My kids are pretty bright, especially my 5 year old, and neither of them are socially aware enough to find this to be a humorous, nor an embarrassing situation. Either you are making this up to back up your stance or you have done an EXCELLENT job teaching your child that breastfeeding past a specific age is something embarrassing or something you should mock. My kids weren't even nursed, I pumped..and they have no recollection of that, yet they would be curious, not find it hilarious or embarrassing. My kids aren't even aware of media enough to know that lots of people will see it if it us on a magazine cover. if my kids laughed at the cover, it would have nothing to do with breastfeeding. Maybe you should rethink the kind of education you focus on..
All I can say is, all kids are different. Sasha isnt very intellectual, but he is very socially intelligent and he cottons on to things a lot quicker than other children. Try to get him to count, however, and he's well behind the curve. If you cannot picture your child seeing something on a magazine cover and clicking that everyone else is going to see it to, then thats fair enough, most of my older ones wouldnt have made the connection at that age either, but again, different kinds of intelligence.

In terms of 'education' Sasha isnt overly familiar with breastfeeding because he is the youngest child, he has no younger cousins, he has no familiarity with babies in any way shape or form. And I dont run around screaming "WOO BOOBS" so he thinks nothing of it. Its a complete non-issue in our household. To him, the photo looks funny, because it is a strange photo. It is posed in such a ridiculous way that it makes you look twice, to a child with limited familiarity, it is hilarious.

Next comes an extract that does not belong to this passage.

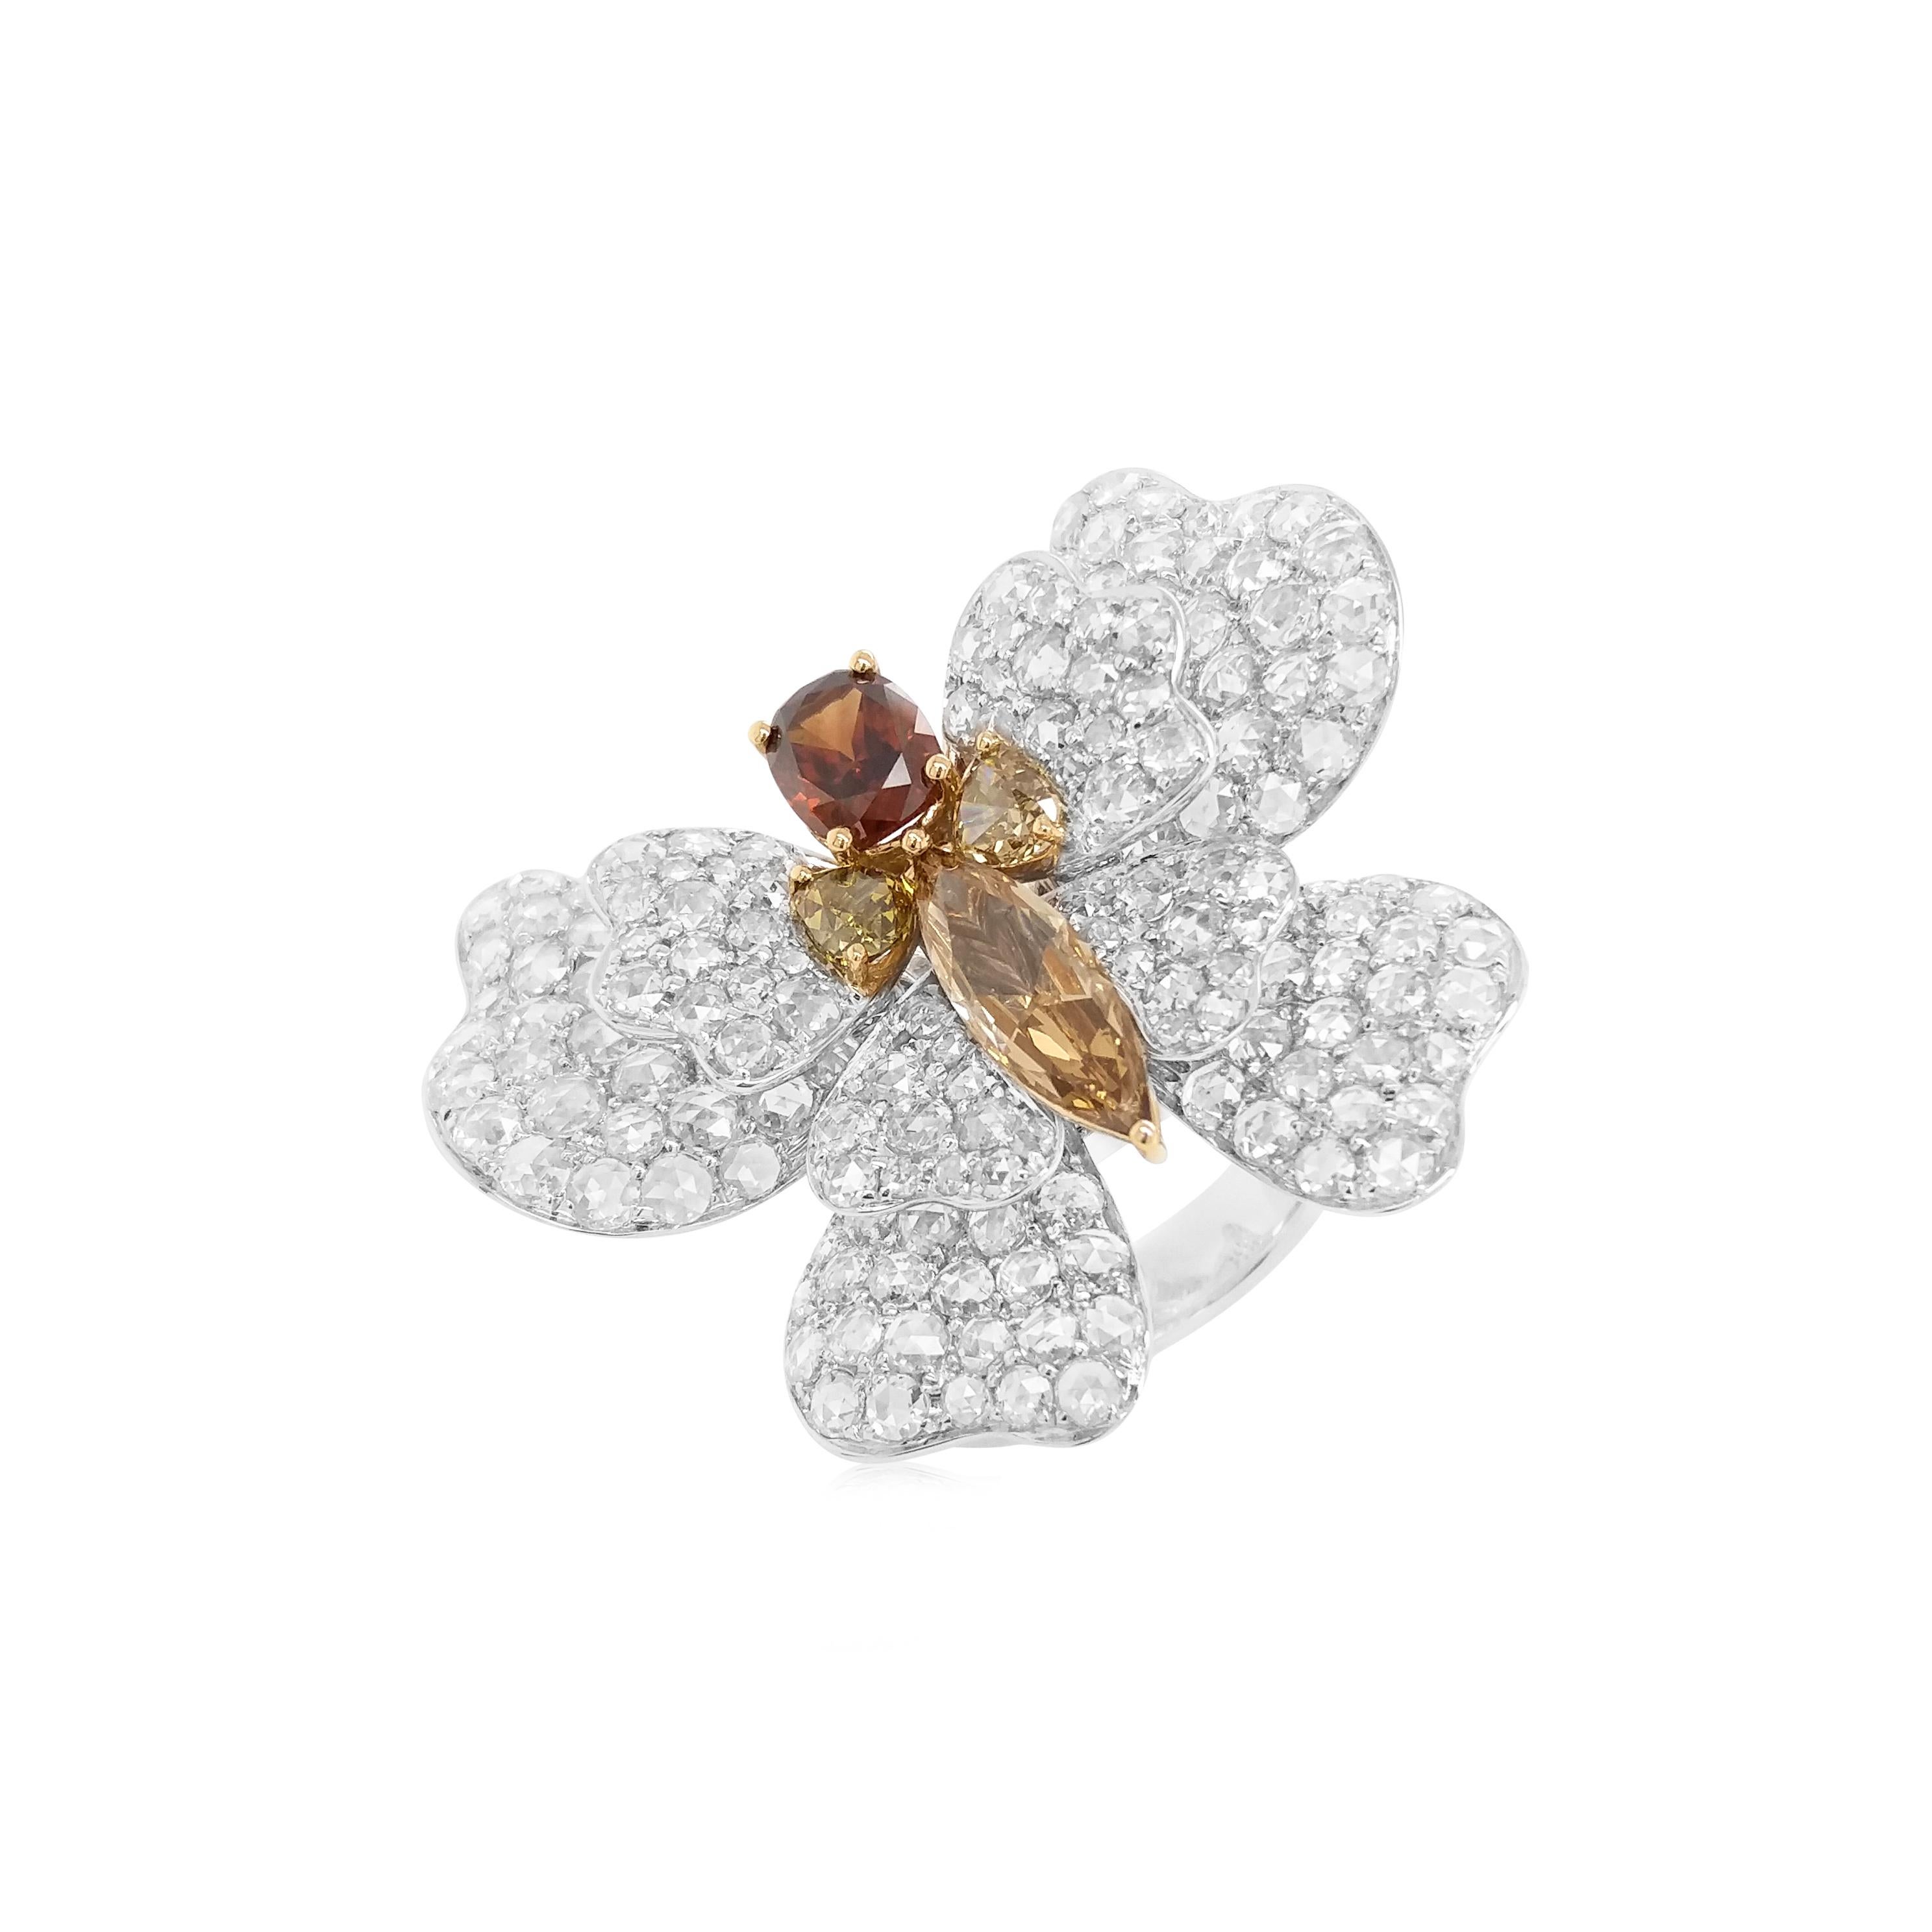 Contemporary IGI Certified Fancy Color Diamond 18k Gold Detachable Cocktail Ring and Pendant

I dont disagree with extended breastfeeding, in fact, I think I have stated that multiple times in both threads. I am against this idea that parents seem to have as of late that everything about their children should be made public for all to see, despite any future effects it may have on the child. I have read the article (I bought it, yes, the US copy from a newsagent in Australia) and I do not disagree with anything in there. I disagree with a photo that is intended to cause controversy that features a child who cannot understand nor consent to be part of that controversy being distributed worldwide (yes, worldwide, because, once again, American publications are available for sale in countries other than America, even when said countries have their own versions).

As an adult, I can have controversy thrown at me and I have the choice whether to participate or not, and I have no issue with this woman getting out there and sharing her story. However, as a mother, it is my duty to protect my children from what I can, and my preschooler being photographed in an intentionally provocative pose with an intentionally provocative title, is something that I have a responsibility to defend my kids from.

I can hold all the ideals and beliefs in the world, and I have every right to fight them, however, it is not up to my children to fight those beliefs for me.

I stand by what I said, all it takes is one child, one future schoolmate, neighbour, whatever, to find this picture in a couple of years, maybe in a box of old magazines in the garage or whatever and the teasing will begin, because kids can be very cruel when they want to be.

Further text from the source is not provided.